Before CUMMINGS, COFFEY AND ROVNER, Circuit Judges.


ORDER

Defendant Walter R. Cobb pleaded guilty to, and was convicted of, conspiracy to possess with intent to distribute cocaine base (crack) in violation of 21 U.S.C. §§ 841(a) (1) and 846, and 18 U.S.C. § 2. He was sentenced to 188 months' imprisonment.1  On appeal, Cobb argues that (1) the district court erred in holding him accountable for 2,831.5 grams of crack seized at a stash house; and (2) the sentence violated the Eighth Amendment prohibition against cruel and unusual punishment.

Background

The conspiracy to distribute crack cocaine began in November 1991 and continued through March 1994. It involved approximately 14 coconspirators. It was primarily directed by Alan Woods, defendant Cobb's uncle, using a distribution organization between Bakersfield, California, and the Quad Cities area in Illinois and Iowa. The homes of Tammy Neeley, Yvette Pizano, and Veronica Garrard were used as stash houses for the crack cocaine.

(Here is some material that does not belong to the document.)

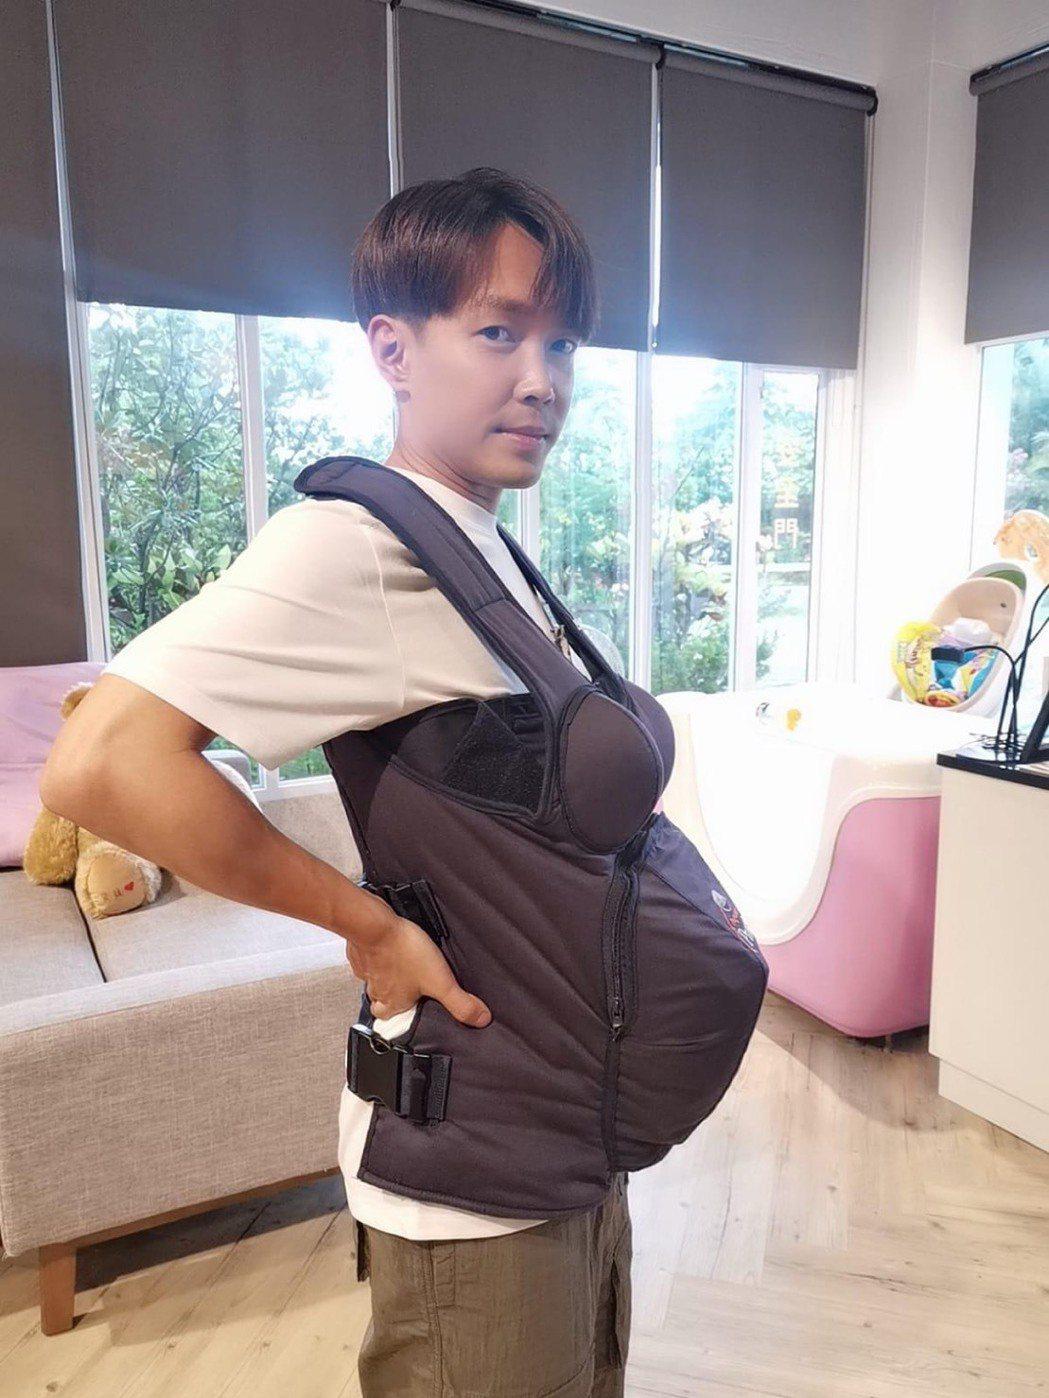 許仁杰穿上假胸、假肚子,體驗孕婦懷胎辛苦。圖/許氏夫妻提供

Cobb joined the conspiracy on or about March 17, 1994, when his uncle sent him to Moline, Illinois, with Brian Hamilton, who had been distributing drugs for Woods in the Quad Cities area since October 1992. Woods kept a crew of distributors in the Quad Cities area. Woods often relied on Hamilton to watch the operation in his absence. Woods typically would send cocaine through the mail or by Federal Express from California to Hamilton in Moline, and Hamilton would oversee the distribution and sale of the crack, and send cash back to Woods. While staying in the Quad Cities, Cobb lived at the home of Pizano, who was sent by Hamilton to Neeley's to pick up crack cocaine when necessary. Cobb's involvement in the conspiracy ended on April 1, 1994, when search warrants were executed at Neeley's home.

Foreseeable Quantity of Drugs

Cobb argues that the district court erred in determining that he could have reasonably foreseen that the conspiracy was storing 2512.8 grams of crack, the amount of drugs seized from Neeley's home upon execution of the search warrant on April 1, 1994.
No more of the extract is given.